Longfei Wu

Research Project – Longfei Wu/Jan Philipp Hofmann

The request for sustainable energy is one of the top priorities on the world’s strategic research agenda. Sunlight is an abundant renewable energy source and only 1.2 hours of sunlight correspond to the global energy consumption for a whole year. Photoelectrochemical (PEC) water splitting is an attractive approach to generate hydrogen as a clean chemical fuel from solar energy. Concerning photovoltaics, the unique properties of iron pyrite (FeS2), which include an exceptionally large optica absorption coefficient in the visible region (α>105 cm-1 at hν >1.5 eV), suitable band gap (~0.95 eV), large element abundance, nontoxicity, as well as low material refinement costs, make it a promising candidate material to address the Solar Fuel challenge. The high absorption coefficient of iron pyrite provides a unique opportunity among inorganic materials to incorporate a very thin absorption layer (<100 nm) in a light harvesting device to capture most of the incident solar radiation. However, the material suffers from thermodynamically unstable particle surfaces which are terminated with sulfur dimers caused sulfur vacancies and phase impurities that leads to a high dark current. Therefore, a protection layer is needed to inhibit deleterious reactions. For this project, we will choose MoS2, with a bulk band gap of 1.2 eV, as the protection layer. MoS2 has previously been shown to be a stable and active hydrogen evolution reaction (HER) catalyst. This material is therefore a suitable candidate for combining catalyst and protection layer functionality in only one material.

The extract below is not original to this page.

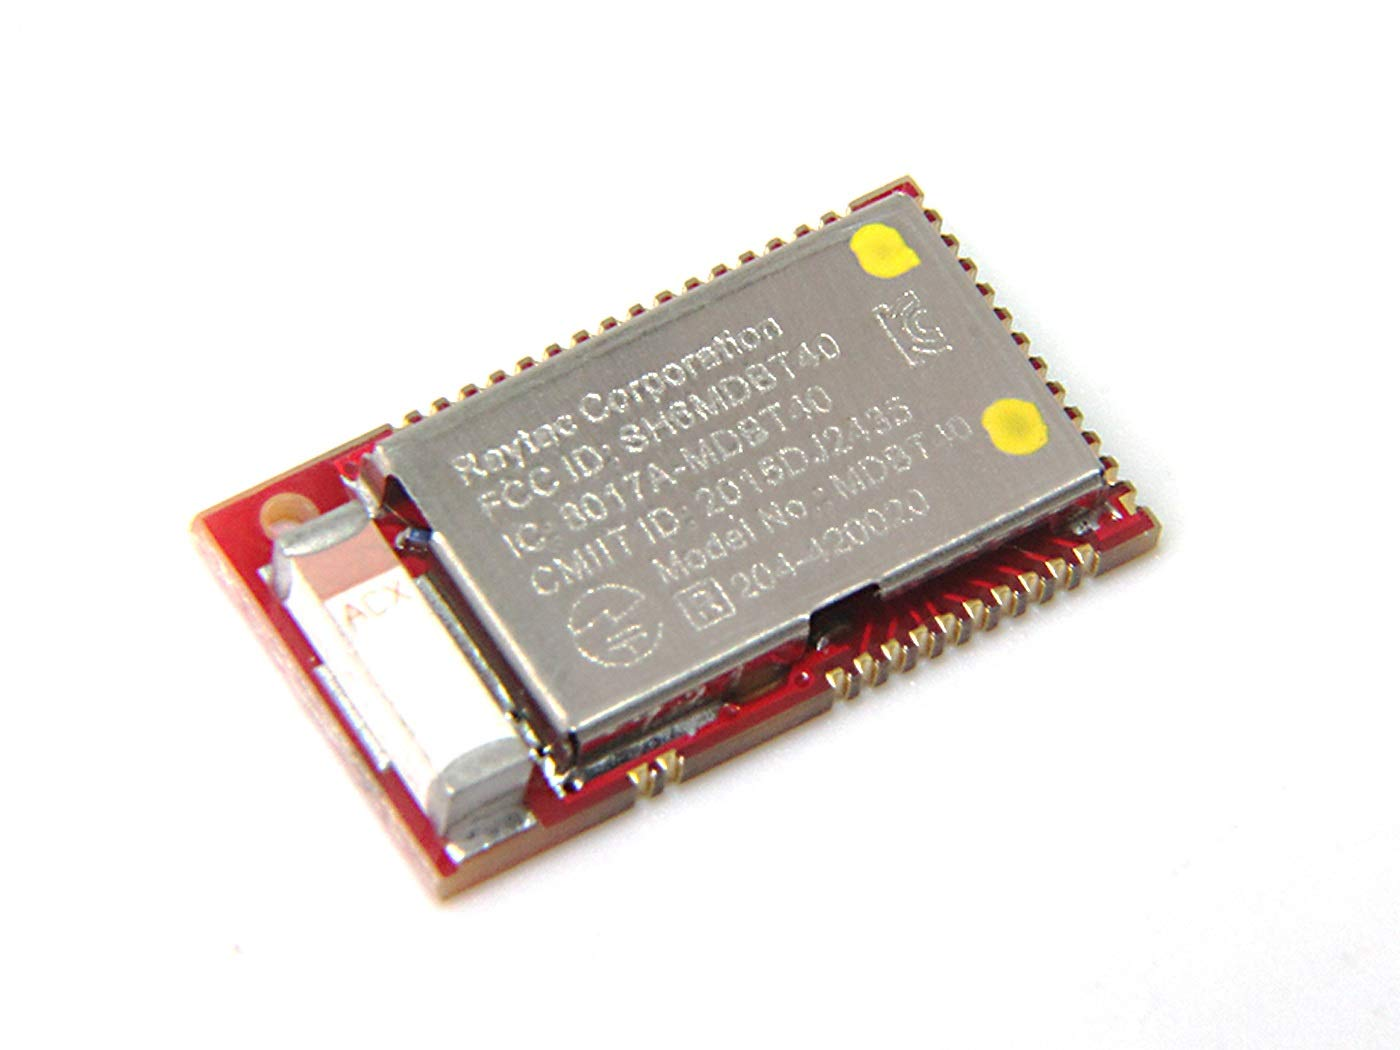 NGW-1pc MDBT40-256RV3 nRF51822 based BLE module: Amazon co uk

Pyrite thin films have been synthesized by various techniques, however, pyrite growth by CVD provides a suitable way to obtain phase pure pyrite films with large grain size, less defect sites and a controllable thickness. By changing metal precursors, MoS2 can be grown on top of iron pyrite. The as-obtained multilayer sulfides will be explored as photo cathodes for the solar-driven hydrogen evolution reaction.

For better understanding of the construction of multilayer sulfide films and their photoelectrochemical properties, the project is mainly focused on the following tasks:

  1. Controllable synthesis of iron pyrite films by CVD and evaluation of photovoltaic properties
  2. Layered growth of MoS2 on pyrite films and film composition analysis by XPS
  3. Study of photoelectrocatalytic properties of as-prepared multilayer films by photoelectrochemical methods and stability assessment towards photocorrosion


 [1]     N. Berry, M. Cheng, C.L. Perkins, M. Limpinsel, J. C. Hemminger and M. Law, “Atmospheric-Pressure Chemical Vapor Deposition of Iron Pyrite Thin Films.” Adv. Energy Mater., 2 (2012) 1124–35.

[2]      S. Seefeld, M. Limpinsel, Y. Liu, N. Farhi, A. Weber, Y. Zhang, N. Berry, Y. J. Kwon, C. L. Perkins, J. C. Hemminger, R. Wu and M. Law, “Iron Pyrite Thin Films Synthesized from an Fe(acac)3 Ink.” J. Am. Chem. Soc., 135 (2013), 4412-24.